Cour suprême du Canada
Hudon et Hudon c. Procureur général de Québec, [1968] R.C.S. 103
Date: 1967-10-26
Gérard Hudon et Fernand Hudon (Demandeurs) Appelants;
et
Le Procureur Général De La Province De Québec (Défendeur) Intimé.
1966: Décembre 13; 1967: Octobre 26.
CORAM: Le Juge en Chef Taschereau et les Juges Cartwright, Fauteux, Abbott et Martland.
EN APPEL DE LA COUR DU BANC DE LA REINE, PROVINCE DE QUÉBEC
APPEL d’un jugement de la Cour du banc de la reine, province de Québec1, infirmant un jugement du Juge Lizotte. Appel maintenu, le Juge Abbott étant dissident.

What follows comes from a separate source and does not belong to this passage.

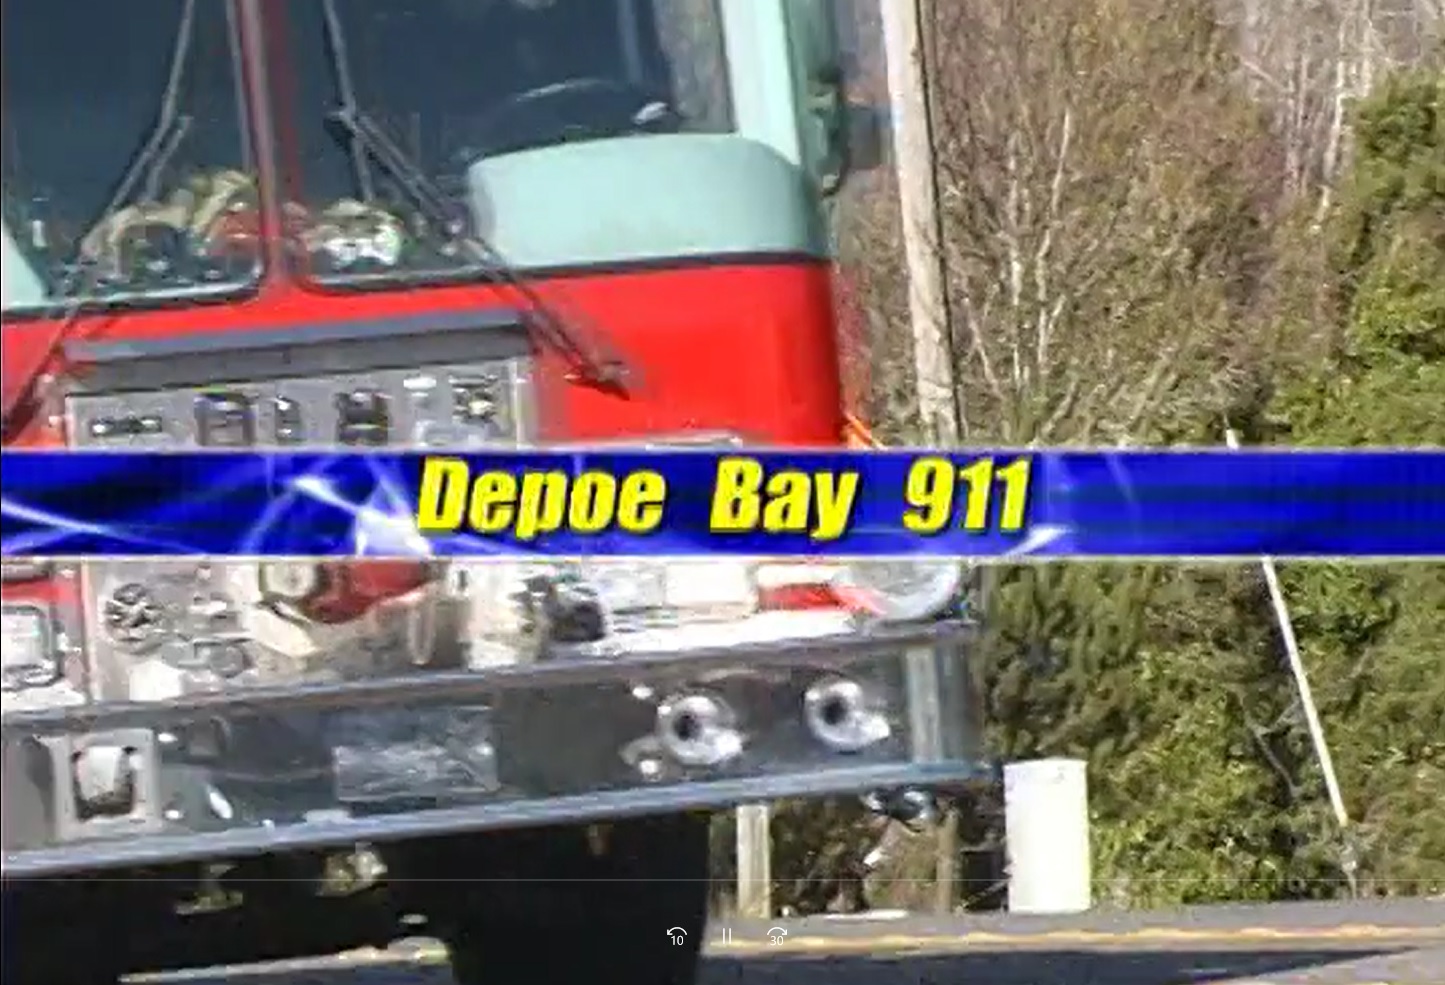 Depoe Bay 911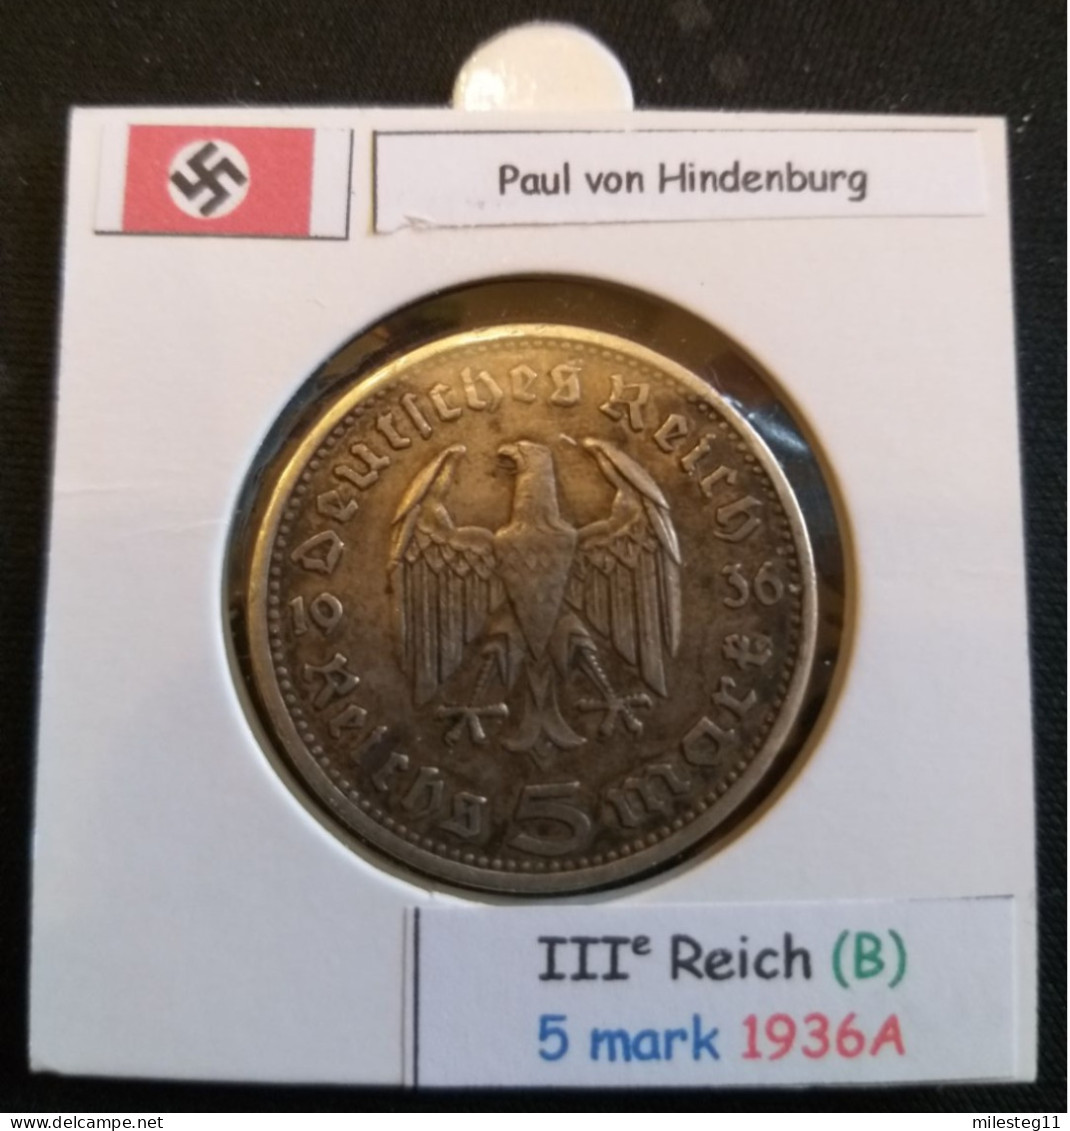 Pièce De 5 Reichsmark De 1936A (Berlin) Paul Von Hindenburg (position B) - 5 Reichsmark

Gilles St-Hilaire et Pierre De Bané, pour les demandeurs, appelants.
Jean Turgeon, c.r., pour le défendeur, intimé.
Le jugement du Juge en Chef Taschereau et des Juges Cartwright, Fauteux et Martland a été rendu par
LE JUGE FAUTEUX: — Les appelants se pourvoient à l’encontre d’une décision de la Cour du banc de la reine[2] infirmant le jugement de la Cour supérieure qui avait maintenu leur pétition de droit dirigée contre le Procureur général de la province de Québec.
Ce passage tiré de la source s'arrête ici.